Ponderosa and Bonanza are legacy brands with a long history. They’ve been around since the 1960s, weathering a Chapter 11 bankruptcy and passing through the hands of multiple parent companies during their lifetimes. Currently, they’re owned by FAT Brands—a natural fit among the holding company’s other casual chains.

But as beloved as PonBon is, that doesn’t change the fact that the chain’s sales have been declining in recent years. Add to that a rapidly dwindling restaurant count, and the brands seem to be losing favor with customers. Prior to their acquisition by FAT Brands, sales were declining steadily between 2015 and 2017. In the time since, the parent company has just about consolidated PonBon to death, shaving their store count down from 76 units in 2017 to just 23 operating today.

logan's roadhouse restaurant
Shutterstock

It’s been an uphill battle the past six years for Logan’s Roadhouse. The Texas-based chain went bankrupt in late 2016, due, in part, to declining sales and customer traffic. Debt reorganization followed soon after, with Logan’s promising a menu revamp and a new marketing campaign. But sales dragged for the following three years, with declines reported in 2017, 2018, and 2019. Additionally, the chain’s footprint has roughly halved in the past seven years, from 256 in 2015, to a current low of 137.

Logan’s parent company CraftWorks imploded in early 2020, temporarily shuttering all Logan’s Roadhouse locations. However, the chain is currently under new management and attempting to reinvent itself.
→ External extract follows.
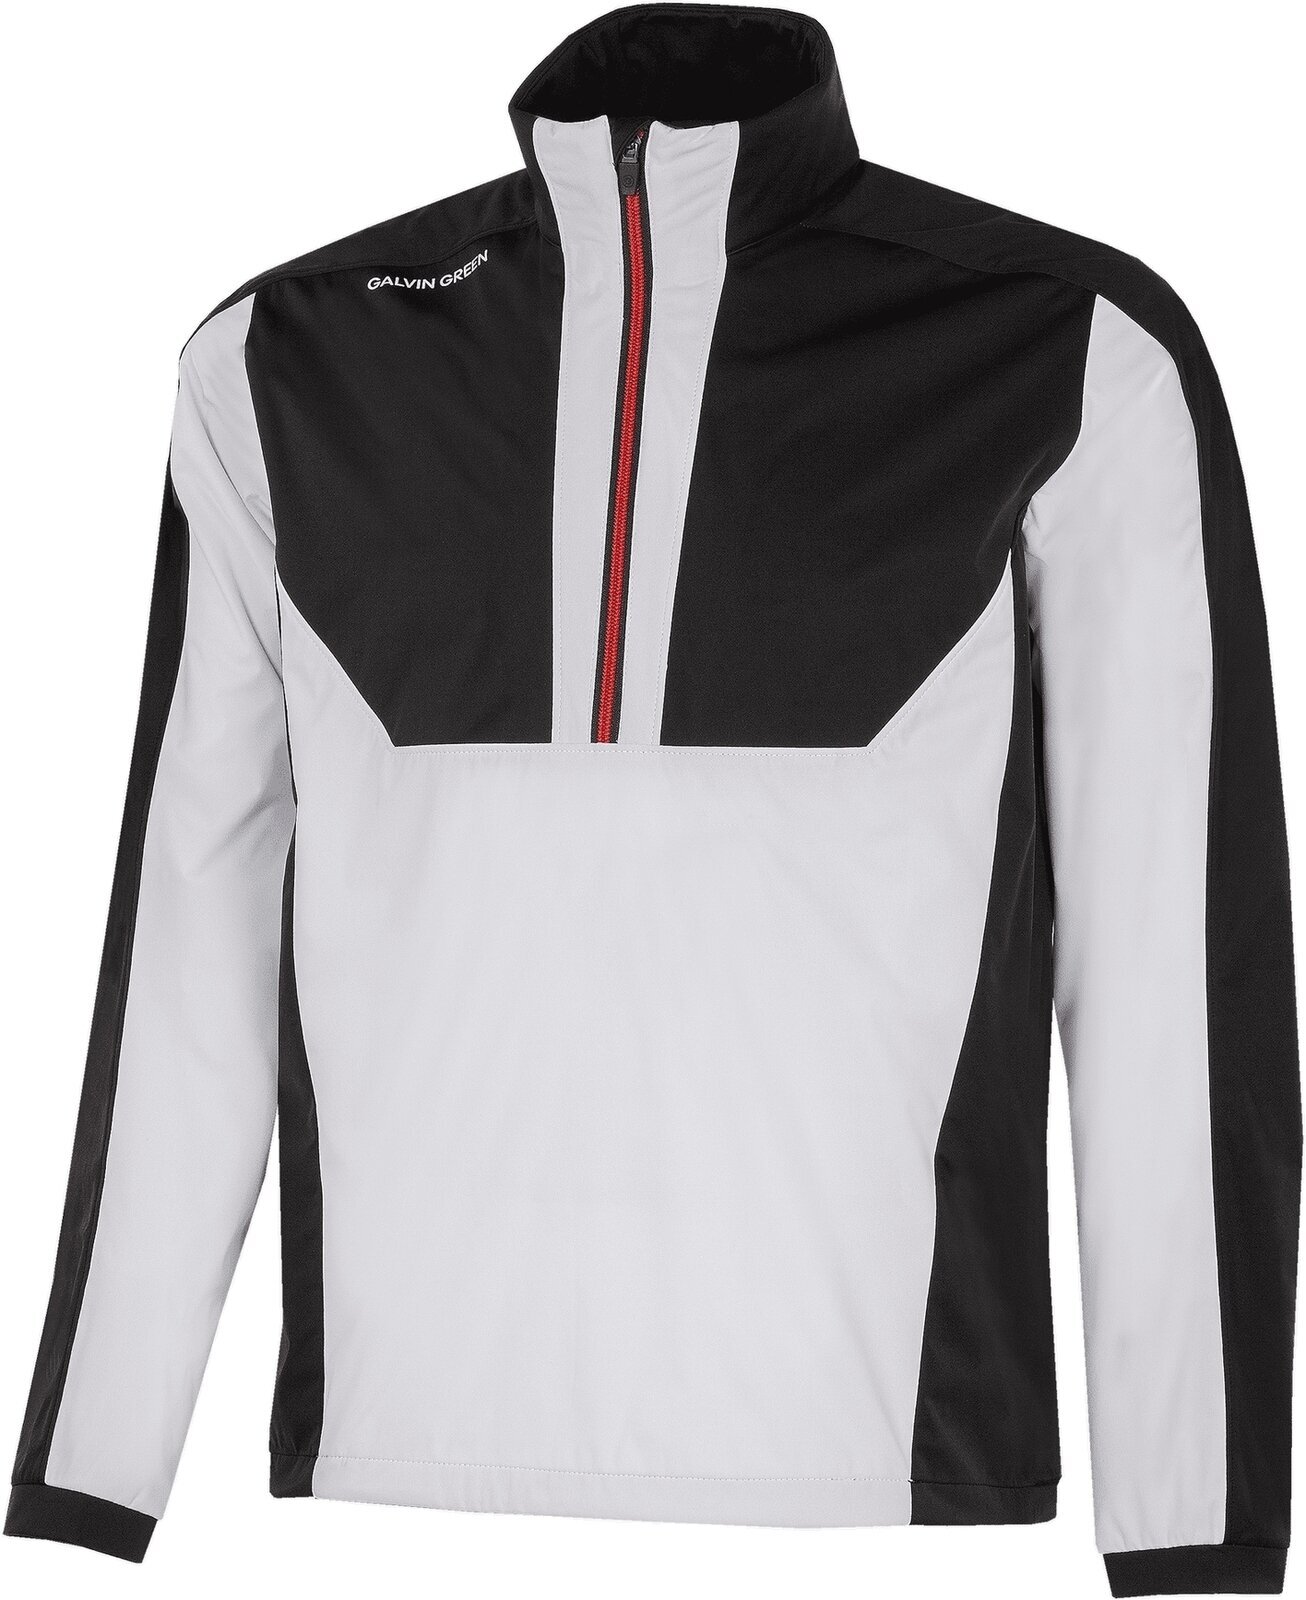 Jakna Galvin Green Lawrence Mens Windproof And Water Repellent Jacket White/Black/Red XL

It has recently reported 35% growth over 2020 sales and 20% over 2019, benefitting from the current popularity of the steakhouse segment.

sizzler steakhouse
calimedia / Shutterstock

The California-based steakhouse got its start in the 1950s, and enjoyed initial success as a mid-tear steak chain, offering “steak you can’t afford miss.” In the 1980s, competition from casual dining chains like Outback and Red Lobster cut into Sizzler’s business, and its pivot to buffet dining in the 1990s fell flat and caused the company’s bankruptcy filing in 1996.

Sizzler’s sales were already declining pre-pandemic, with losses reported in both 2018 and 2019. A 63% decline in sales in 2020 edged the company into another bankruptcy, and its footprint shrunk to a mere 100 units—down from 130 in 2018.

lone star steakhouse storefront
David Tonelson/Shutterstock

The Texas-based chain was founded in the late 1980s and grew quickly in the 1990s, thanks to its popular mesquite-grilled steaks and Texas-themed decor. Lone Star went public within about three years of its founding and cracked the top six of Fortune’s 100 fastest-growing companies in 1994.

But the past two decades and change have not been kind to Lone Star. Due to increasing competition and operational costs, sales slowed in the late 1990s, and the chain’s stock value declined sharply—from $46 per share in 1996 to just $6 per share in 1998. Lone Star had about 265 restaurants in 1999. Now, the chain is down to a single location in Tamuning, Guam.